The third charge attacked the Societies’ claim to be the ‘true’ presbyterian church of Scotland on the grounds that other moderate presbyterians were backsliders from true testimony. It also attacked the Classis of Groningen (a formal meeting of Dutch ministers) for the potentially unlawful ordination of the Societies’ students.

Fourth, ‘that the [Societies’] students that were at Groningen were: not of an unblameable life’.

The Societies were curiously reticent to expand on the meaning of the final charge, perhaps as it involved James Renwick, but in part it claimed that John Nisbet, one of the Societies’ prospective students, had plotted to assassinate ‘one’, possibly meaning either the bishop of Edinburgh, or perhaps Charles II in the Rye House Plot. (Shields, FCD, 170-1.)
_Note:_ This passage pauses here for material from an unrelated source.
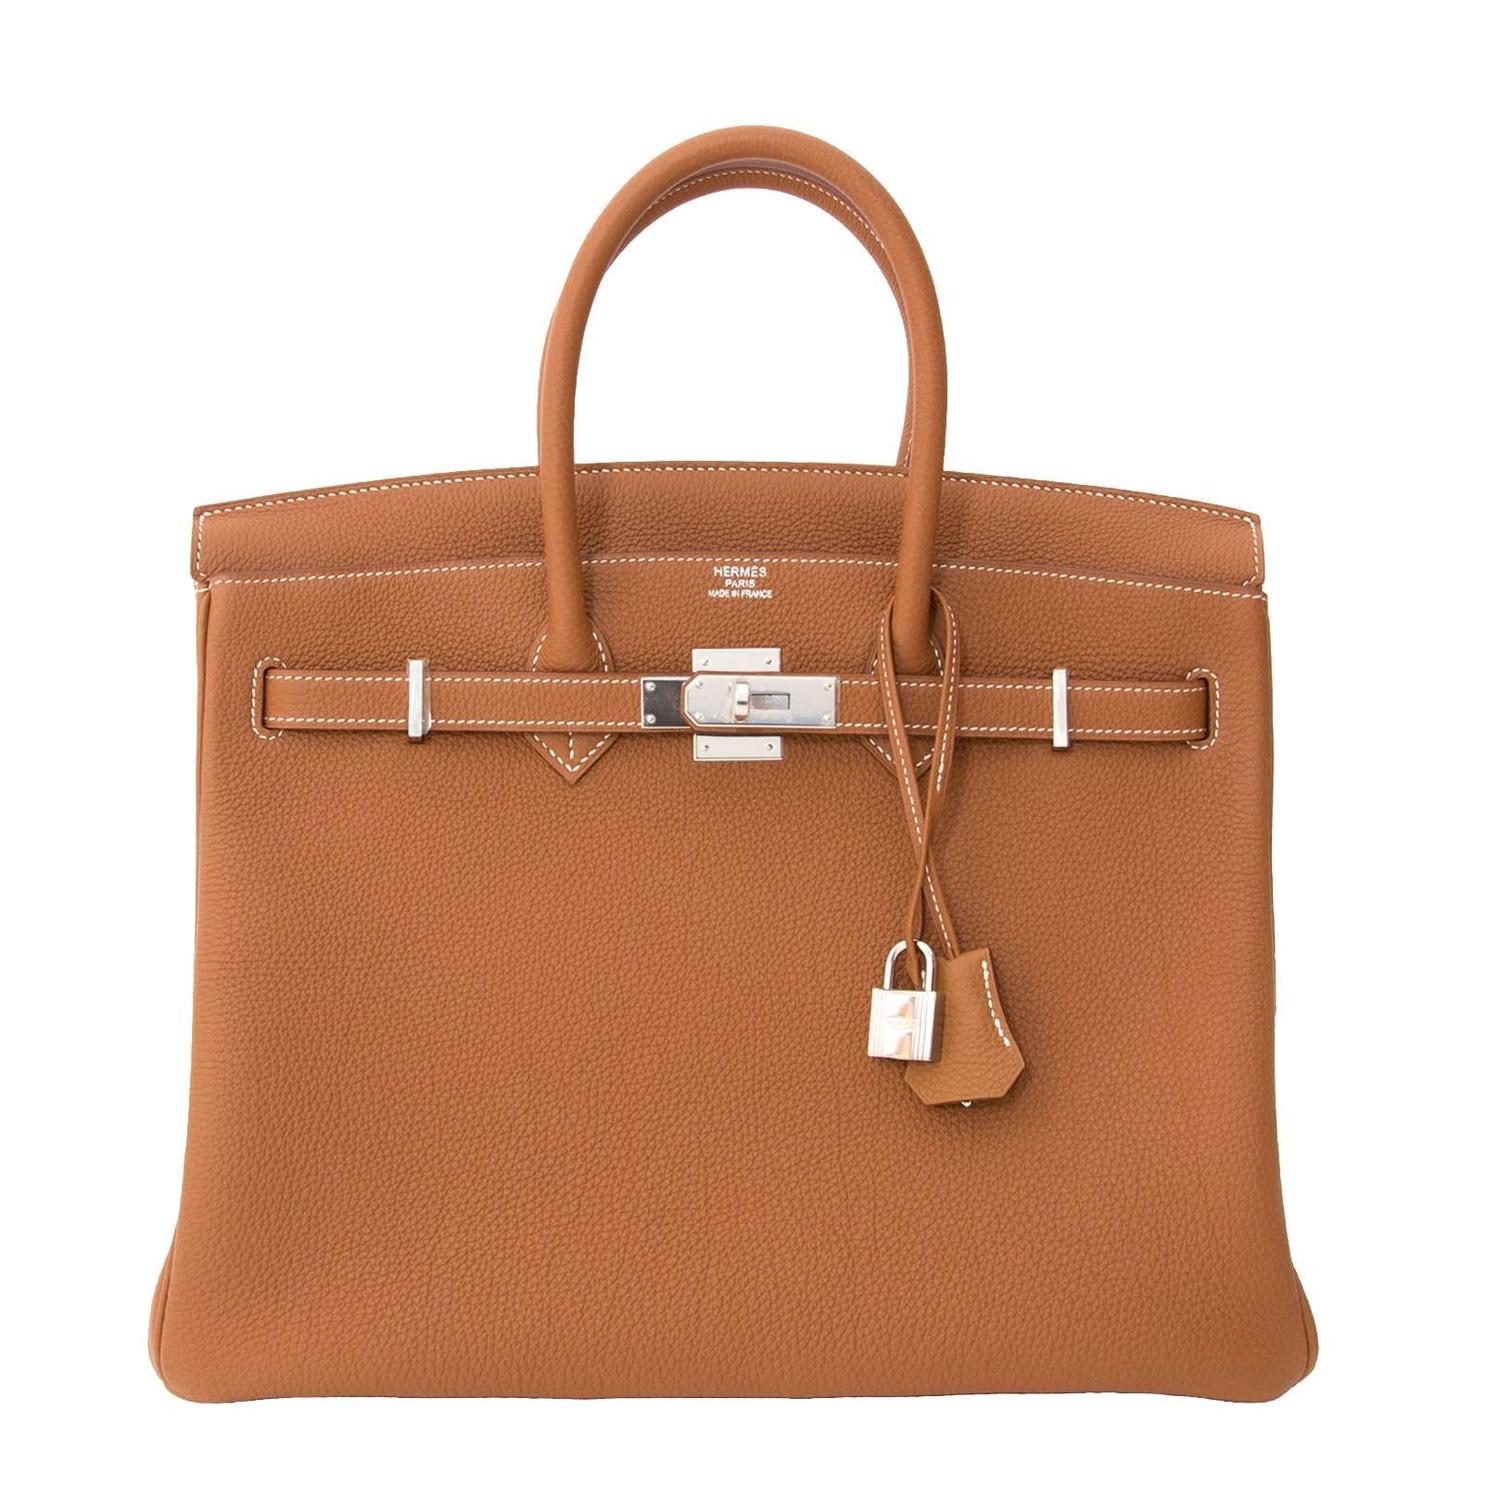 BRAND NEW Hermès Birkin Bag 35 PHW Togo Gold at 1stdibs

While Vilant attacked the Societies in Scotland and James Steuart of Goodtrees spread information against them to their Dutch allies, Thomas Steuart of Coltness is alleged to have been part of a Scottish delegation of moderate presbyterians sent to London that threw as much mud as possible at the reputation of the Societies among English whigs.

According to government sources, Steuart of Coltness was one of a delegation of Scottish moderate presbyterians who planed a joint insurrection with prominent English whigs to overthrow Charles II.:

[Coltness] and his said accomplices did upon the […] days of January, February, March, April, May and June 1683 meet, cabal or by letters and agents correspond and consult anent the carrying on of a most horrid and damnable rebellion and conspiracy against the person of his majesty’s royal brother, King Charles II, and against his majesty’s own person and government.

And for the better and surer carrying on of the same, the deceased [James Campbell], earl of Loudoun, Sir James Dalrymple of Stair, James Stewart [of Goodtrees], sometime advocate, son to the deceased Sir James Stewart [of Coltness], sometime provost of Edinburgh, and Andrew Fletcher of Saltoun went over to Holland to manage and negotiate the same with the late [Archibald Campbell], earl of Argyll, a forfeited and declared traitor, and other rebels and traitors there.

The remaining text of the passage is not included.